WHAT YOU ARE ASKED TO DO: Beneath this line sits some data. Return only its lines from the one holding "Tønsberg kommune - der barn ler" through the one holding "Chrysler Airflow Sedan", inclusive, exactly, with the images removed.

DATASET EXCERPTS:

____

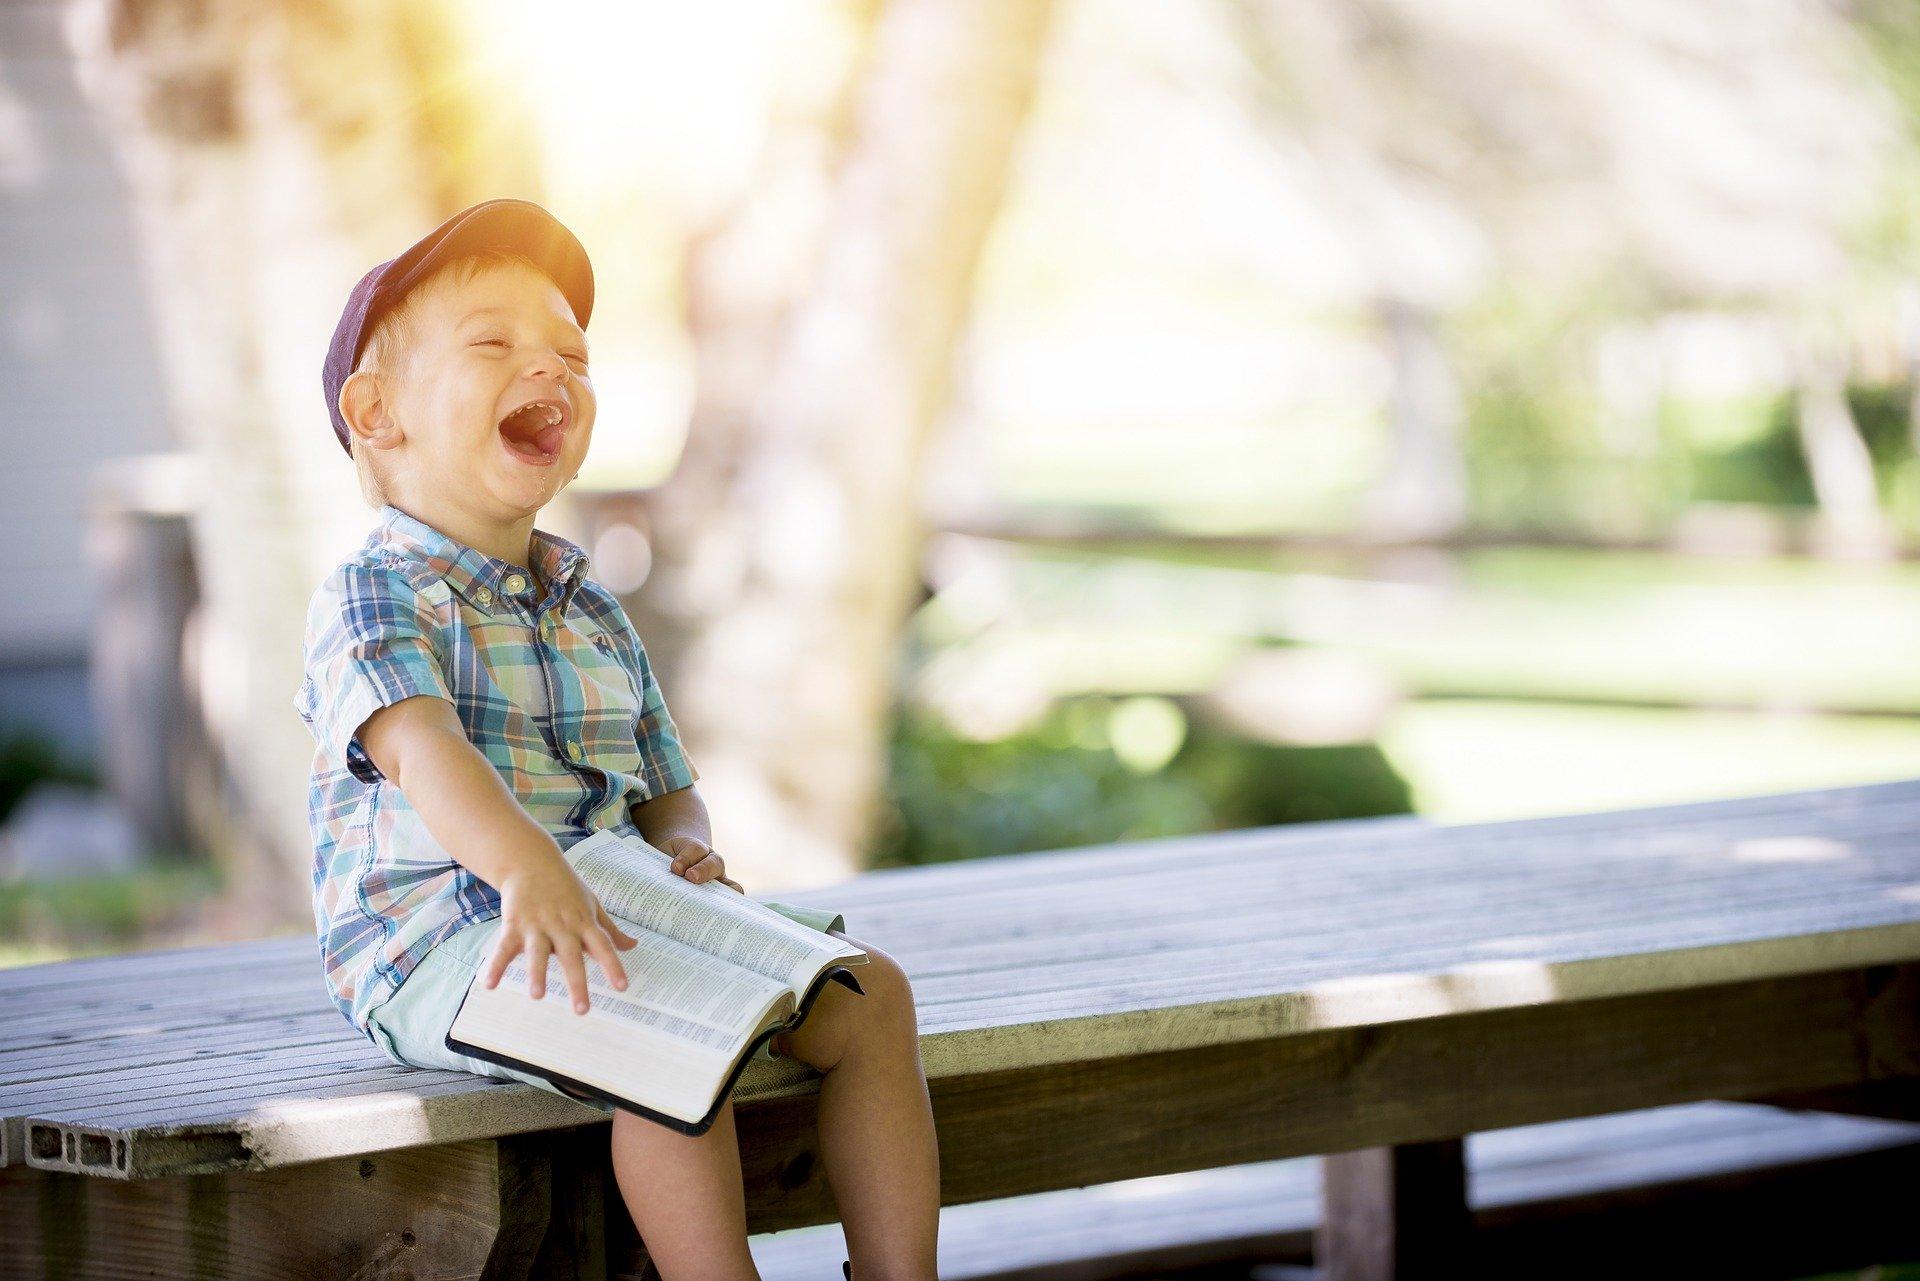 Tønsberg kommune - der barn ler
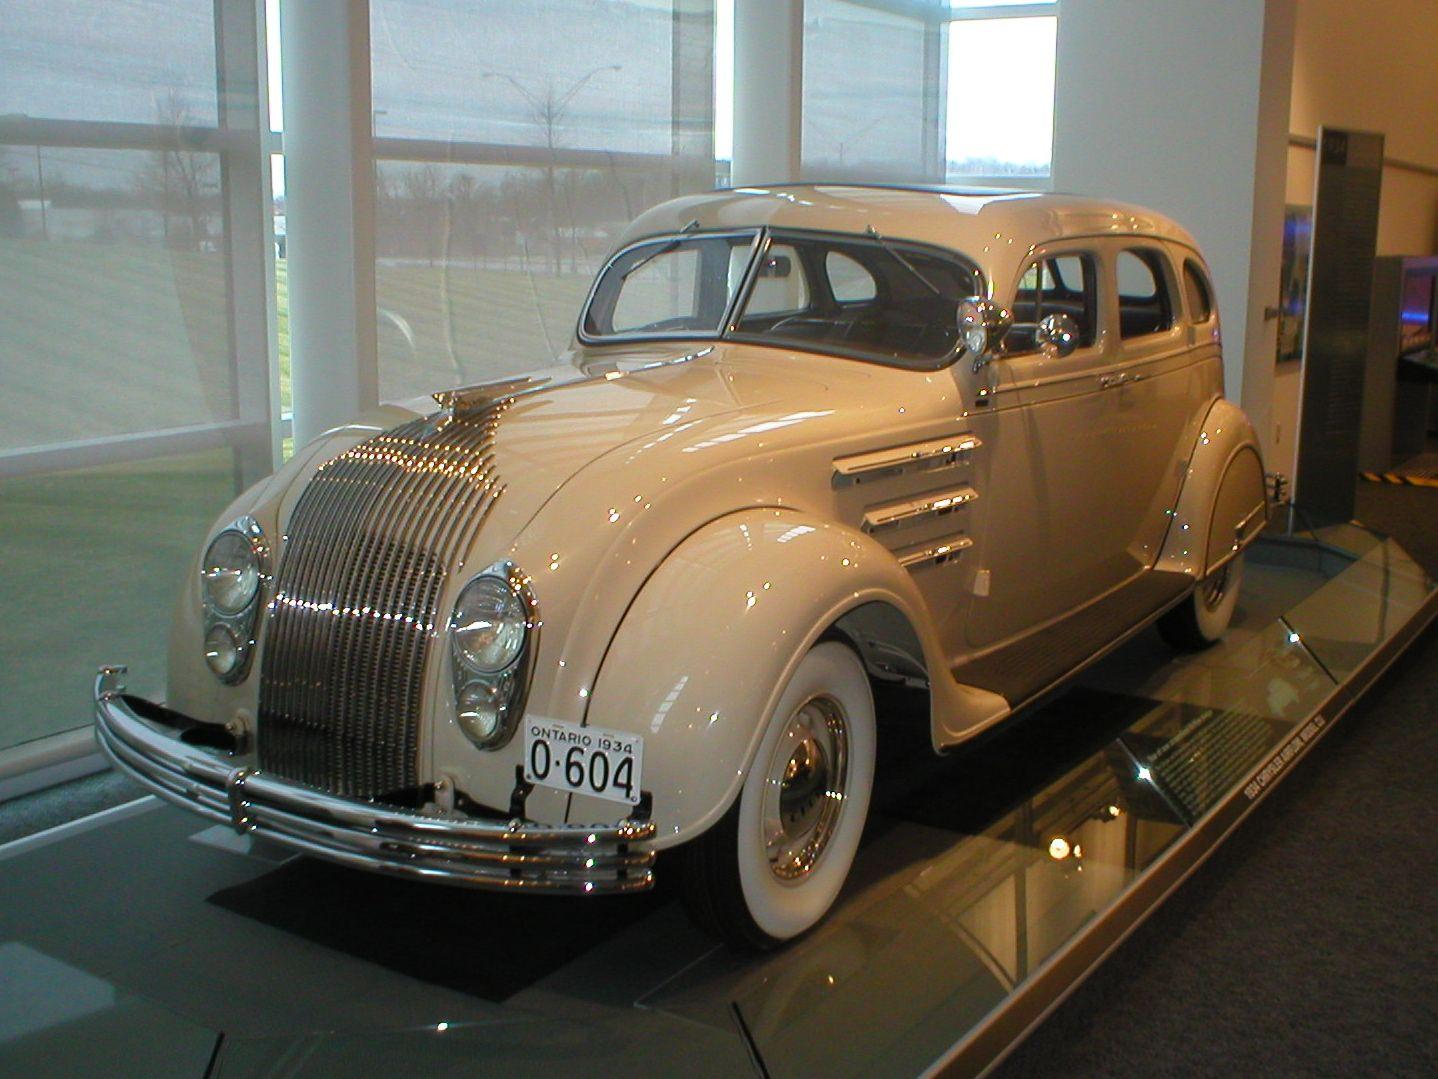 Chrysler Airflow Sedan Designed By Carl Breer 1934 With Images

____

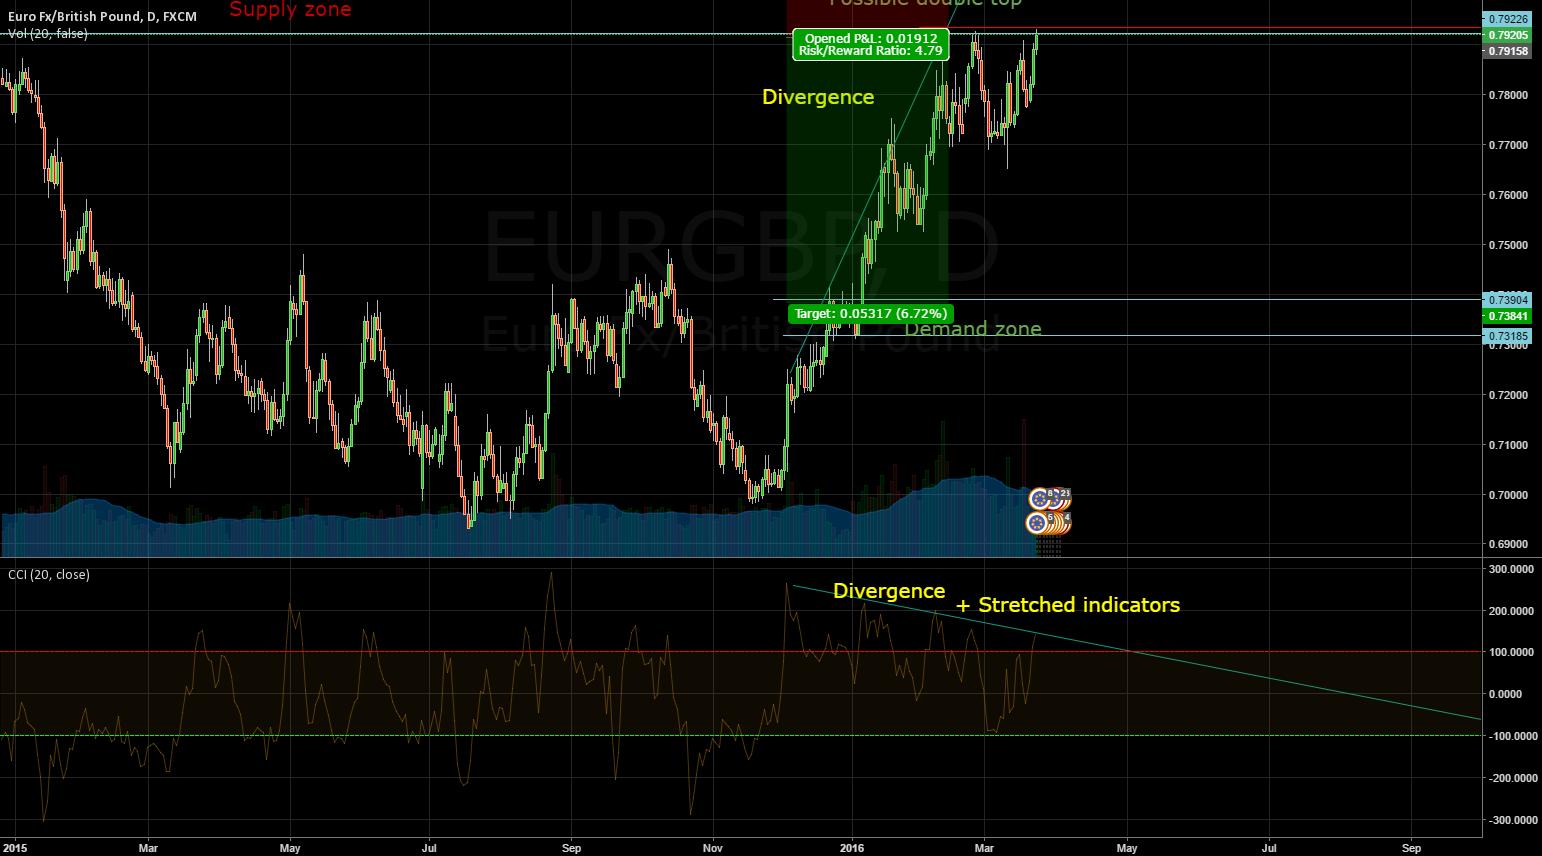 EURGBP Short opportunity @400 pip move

____

SOLUTION TO THIS TASK:
 Tønsberg kommune - der barn ler
 Chrysler Airflow Sedan Designed By Carl Breer 1934 With Images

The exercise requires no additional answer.